Stage 2 — Image Matching

Using the calculated descriptors, the software searches for points in one image that match points in other images . This is called feature matching .

The result is a network of correspondences: point A in photo 1 is the same physical point as point B in photo 3 and point C in photo 7. The more overlap there is between the photos, the more correspondences are detected and the more robust the resulting model is.

Factors that make matching difficult include uniform surfaces (without texture), reflections, very dark or very shiny areas, and objects in motion during capture.

Stage 3 — Structure from Motion (SfM): camera position and scattered point cloud

With the established correspondences, the central algorithm comes into play: Structure from Motion (SfM) , which in Spanish means “Structure from Motion”.

SfM simultaneously solves two problems:

Where was each photo taken from? → Calculate the exact position and orientation of the camera at the time of each shot.
Where is each point in space? → Triangulate the 3D position of each coincident point between images.

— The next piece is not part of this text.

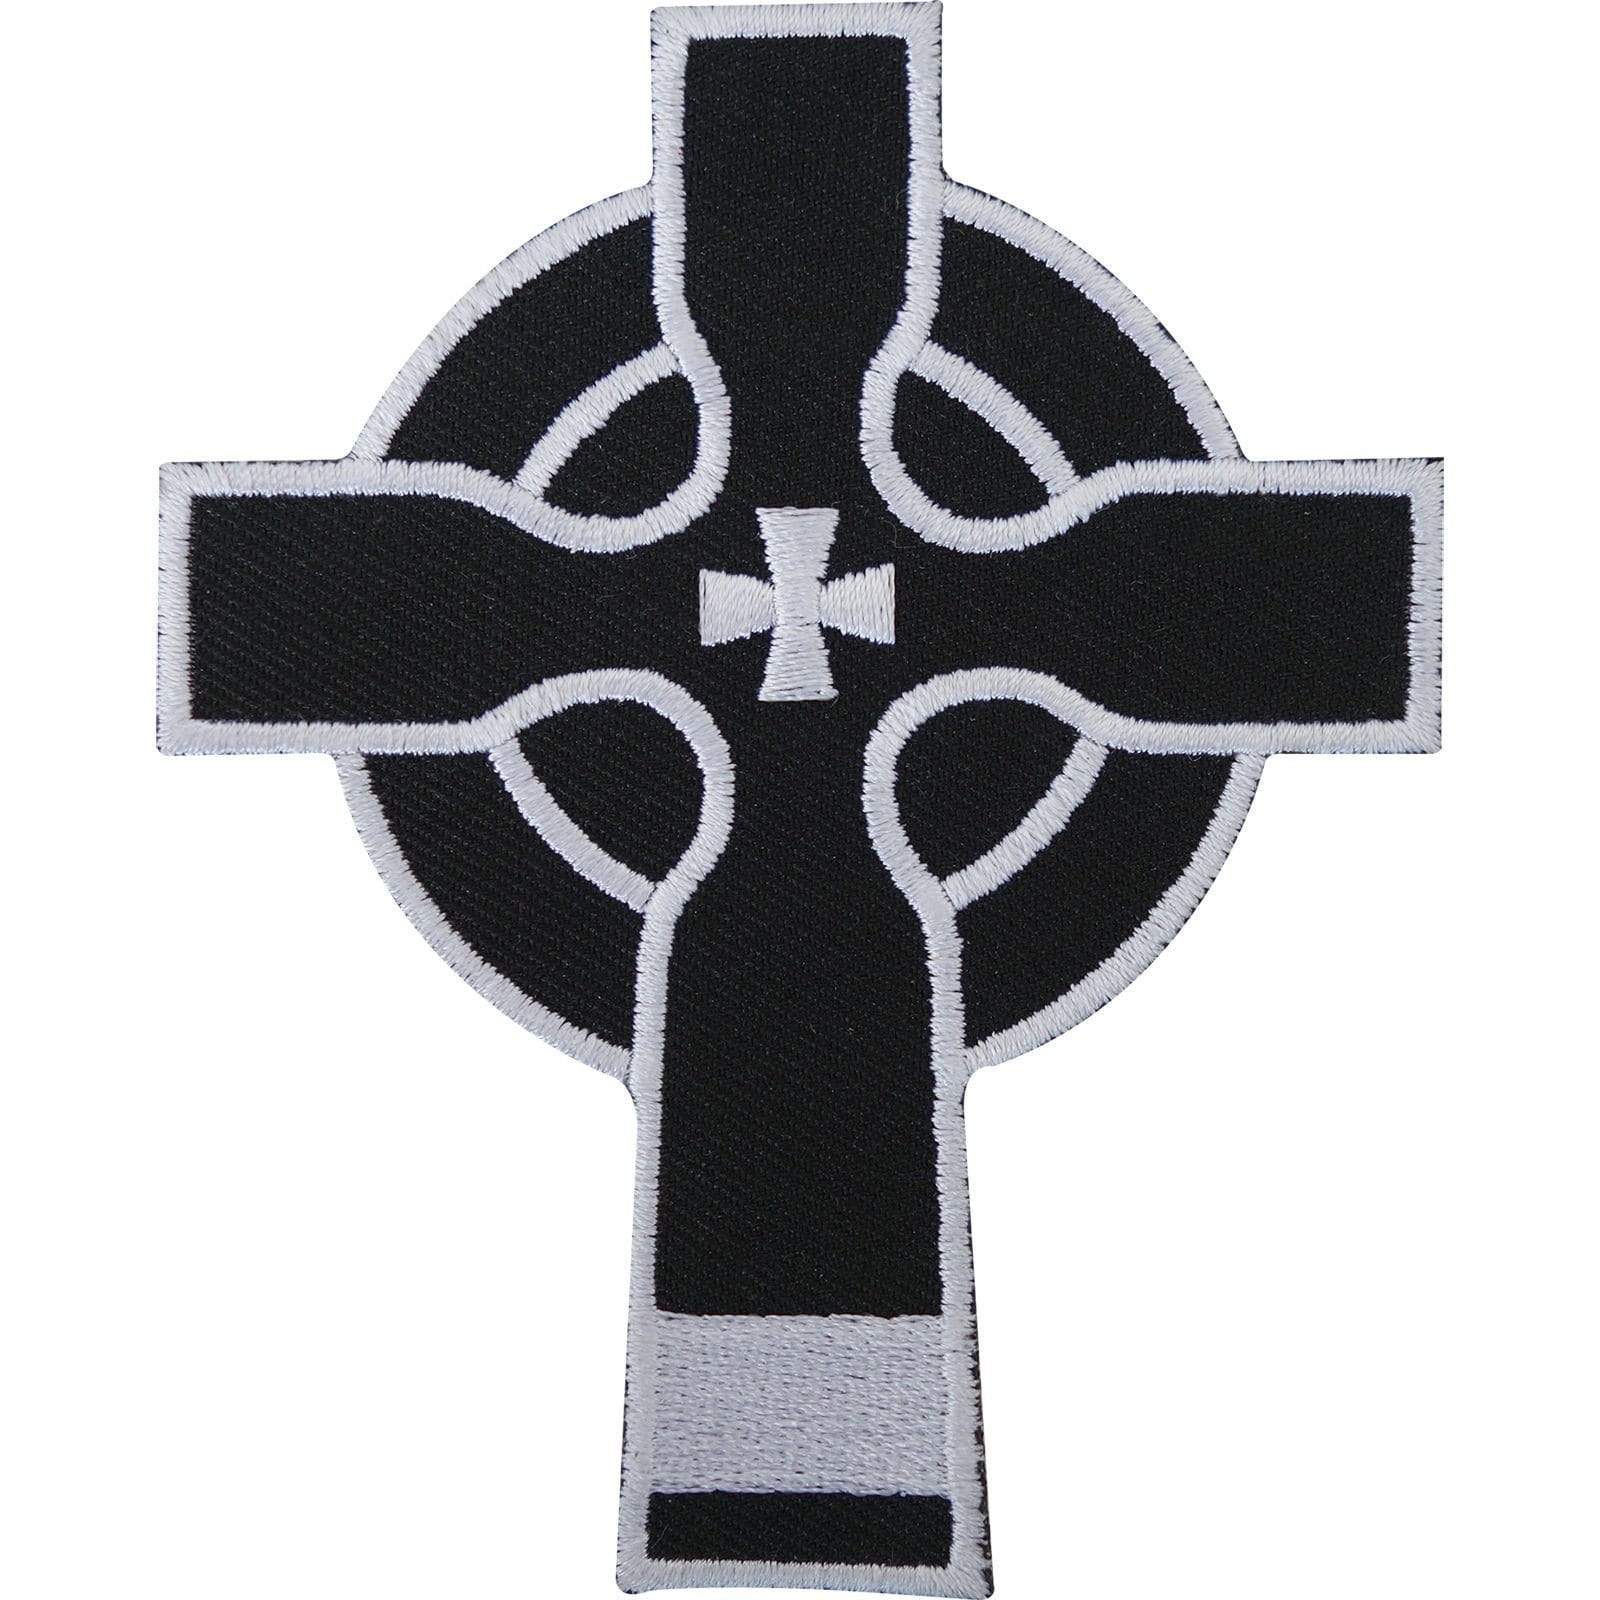 Celtic Cross Embroidered Iron / Sew On Patch T Shirt Motorcycle Jacket Bag Badge

The result of this stage is a sparse point cloud : thousands of points floating in space that begin to outline the shape of the object or terrain. It is not yet dense or detailed, but it already defines the general geometry and the relative position of all the cameras.

This process also includes Bundle Adjustment : a mathematical optimization that simultaneously adjusts the positions of all cameras and all points to minimize reprojection error. It is computationally intensive but essential for final accuracy.

Stage 4 — Multi-View Stereo (MVS): dense point cloud

Once the exact position of each camera is known, the software applies Multi-View Stereo (MVS) to generate a dense point cloud .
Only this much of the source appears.